:: EXERCISE OBJECTIVE ::
Copy the lines below exactly, starting at the one with "Comitato Spontaneo Lavoratori" and ending at the one with "Sehenswürdigkeiten in Merzig: Evangelische", and leave out any picture.

:: ENTRIES PROVIDED ::

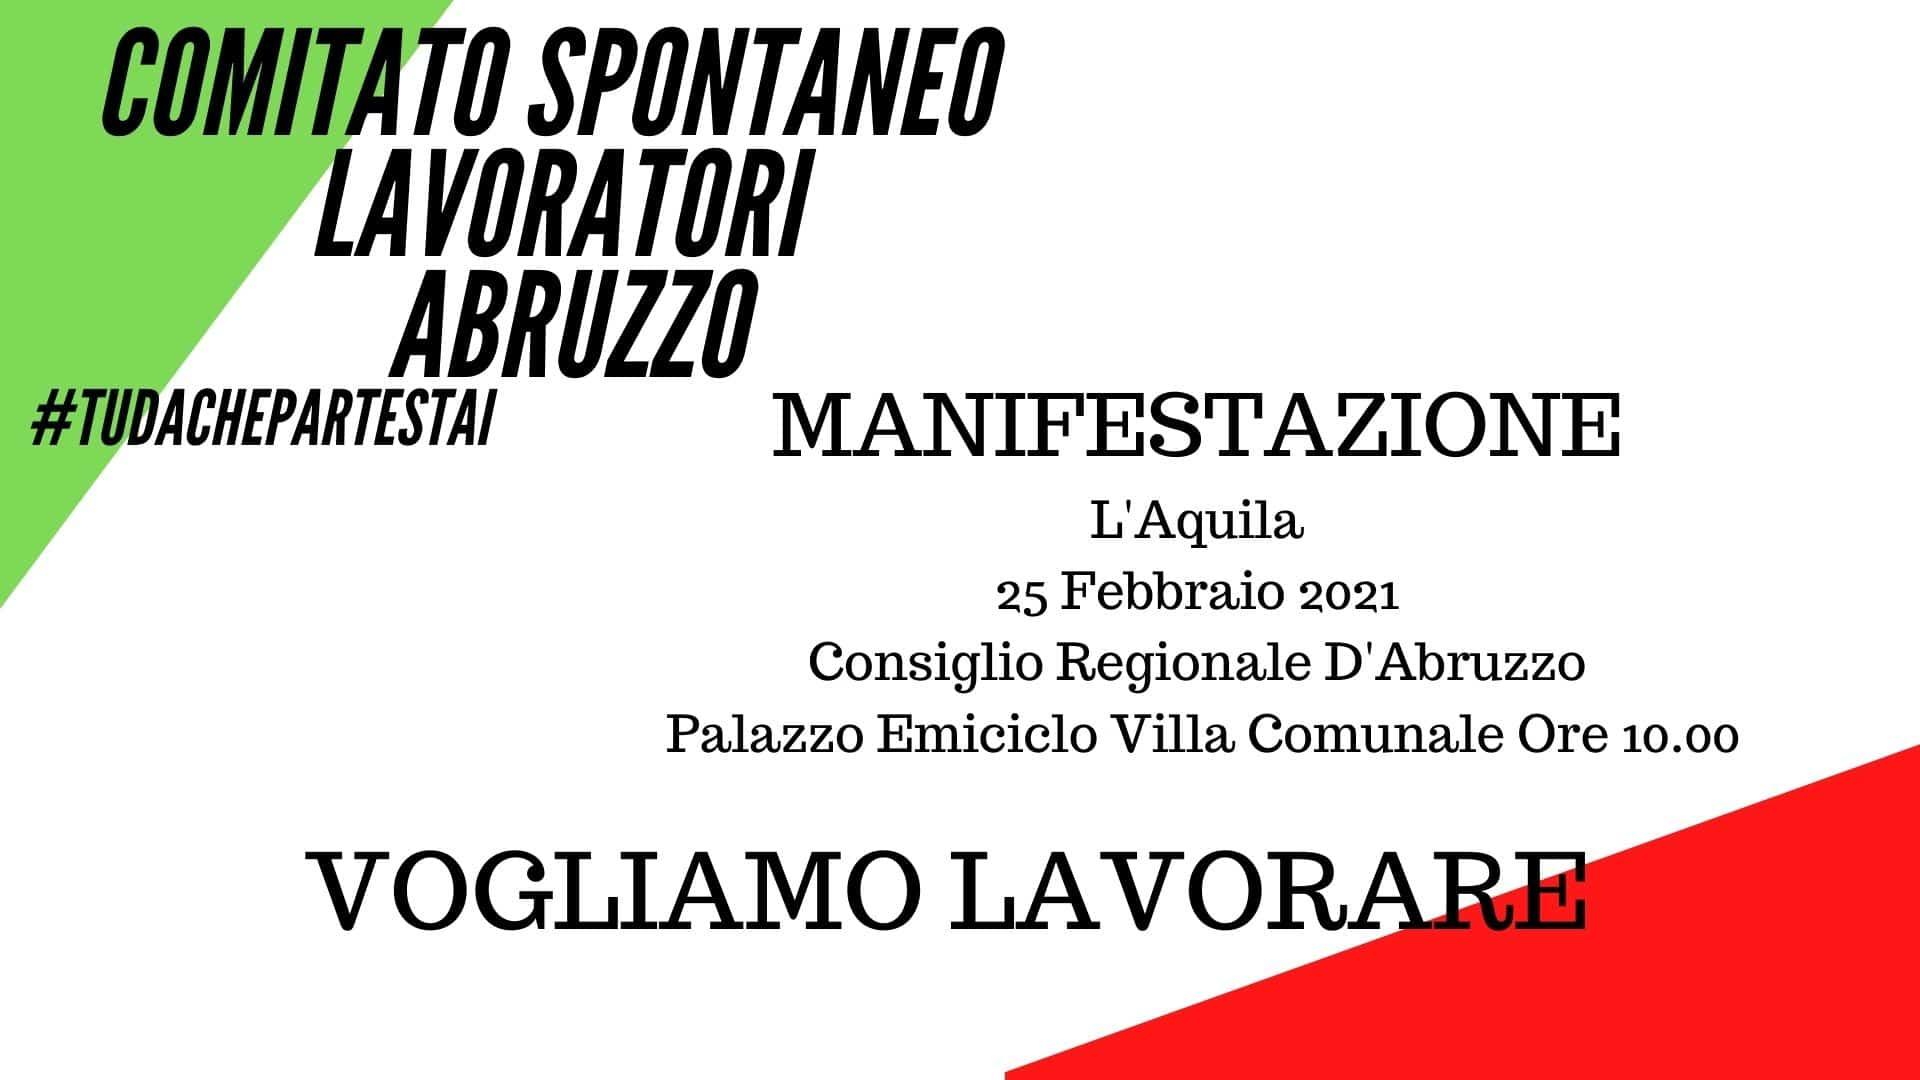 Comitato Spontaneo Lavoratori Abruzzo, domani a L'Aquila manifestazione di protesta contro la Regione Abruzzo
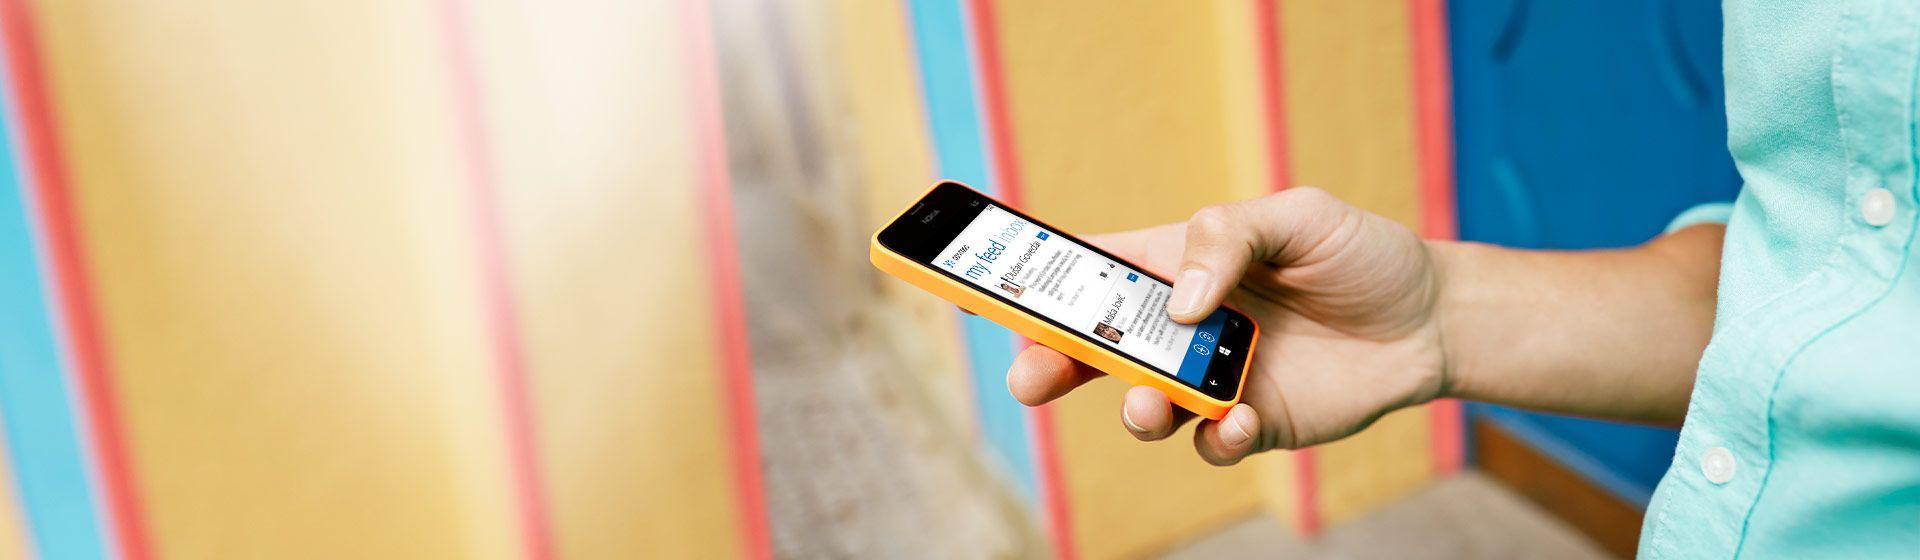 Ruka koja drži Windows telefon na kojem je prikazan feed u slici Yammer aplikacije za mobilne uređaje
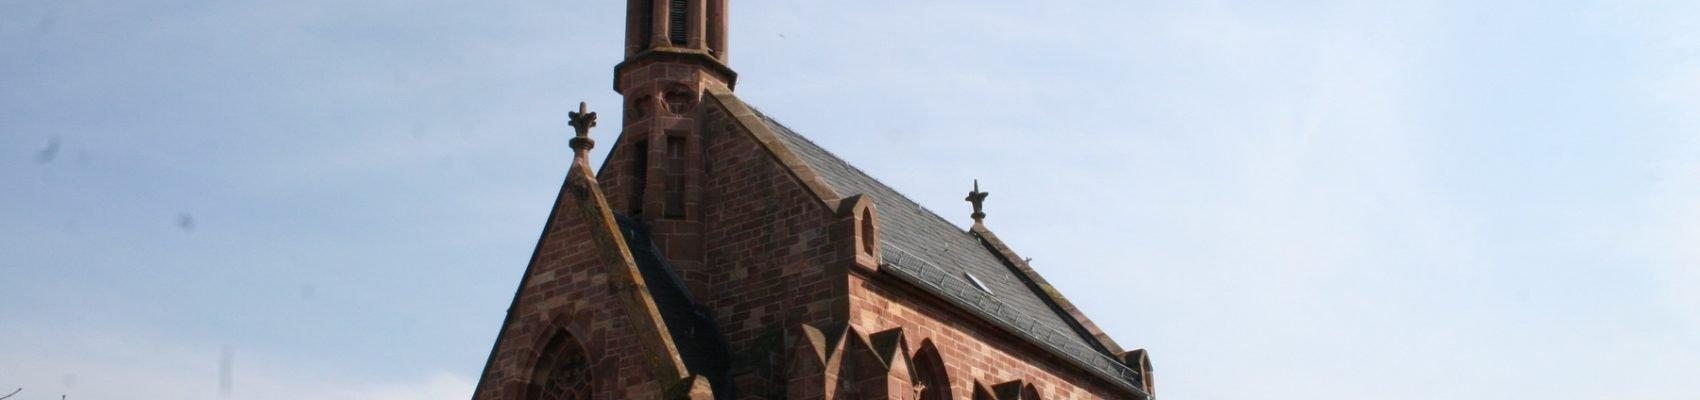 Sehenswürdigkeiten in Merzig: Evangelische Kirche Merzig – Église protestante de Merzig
---
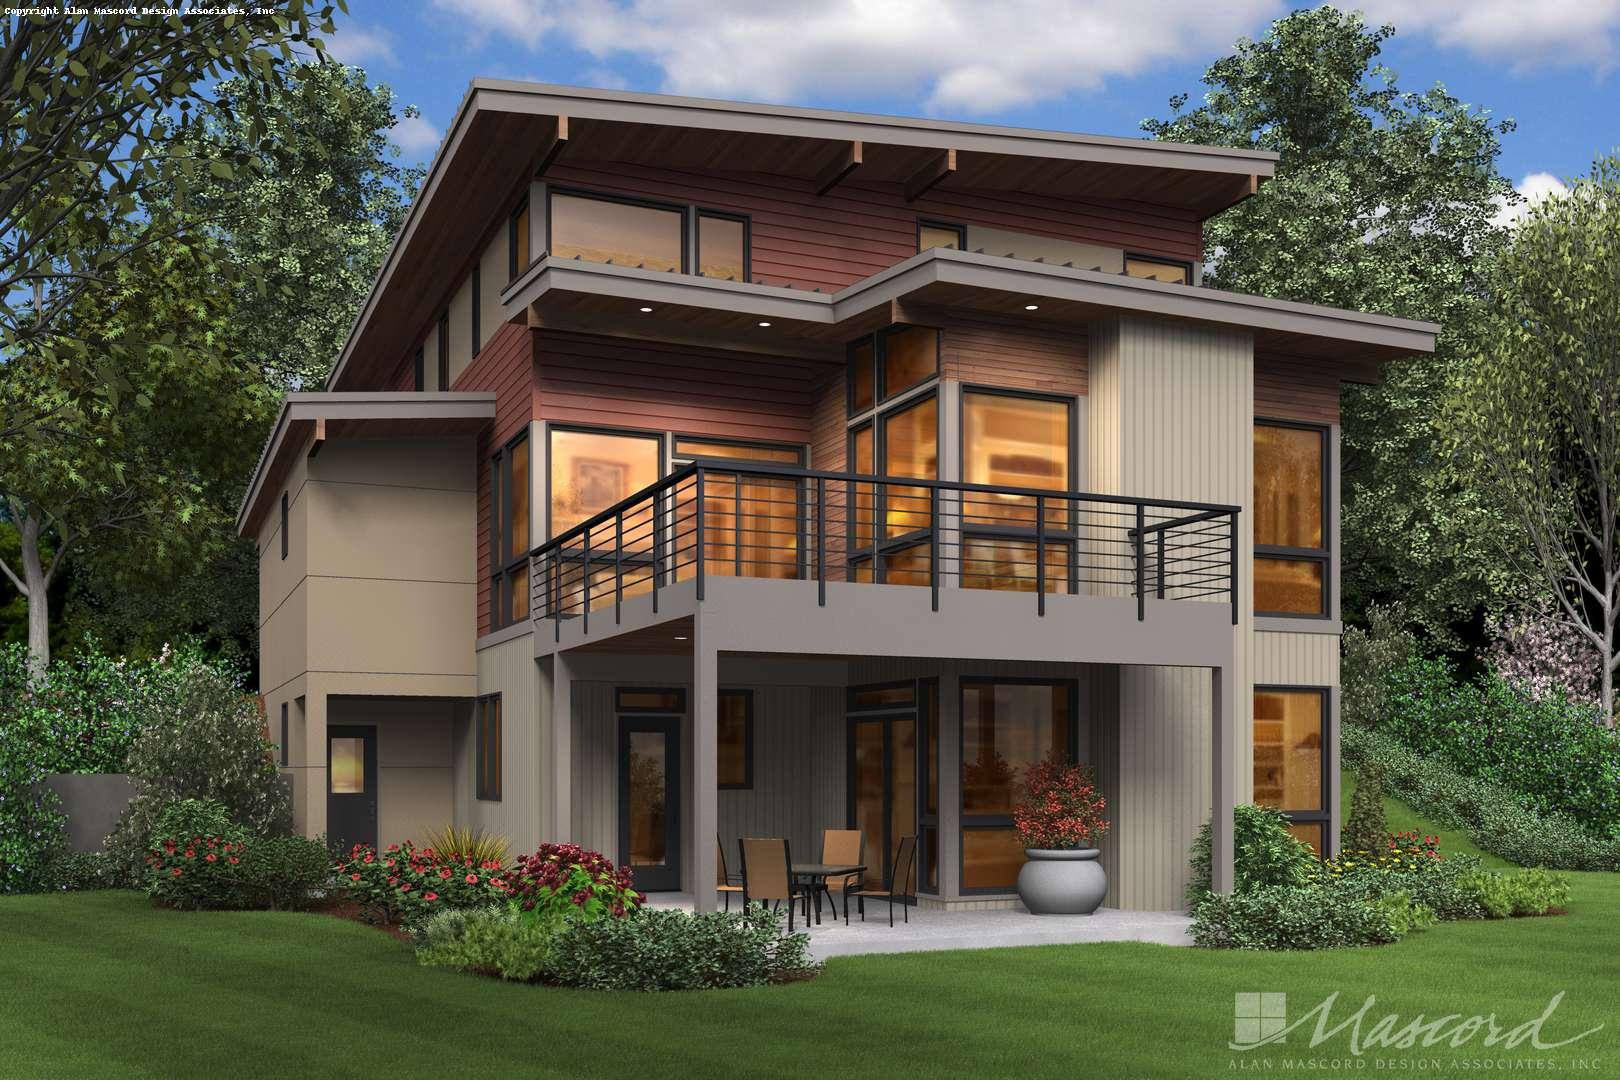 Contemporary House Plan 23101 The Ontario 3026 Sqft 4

:: WRITTEN SOLUTION ::
 Comitato Spontaneo Lavoratori Abruzzo, domani a L'Aquila manifestazione di protesta contro la Regione Abruzzo
 Ruka koja drži Windows telefon na kojem je prikazan feed u slici Yammer aplikacije za mobilne uređaje
 Sehenswürdigkeiten in Merzig: Evangelische Kirche Merzig – Église protestante de Merzig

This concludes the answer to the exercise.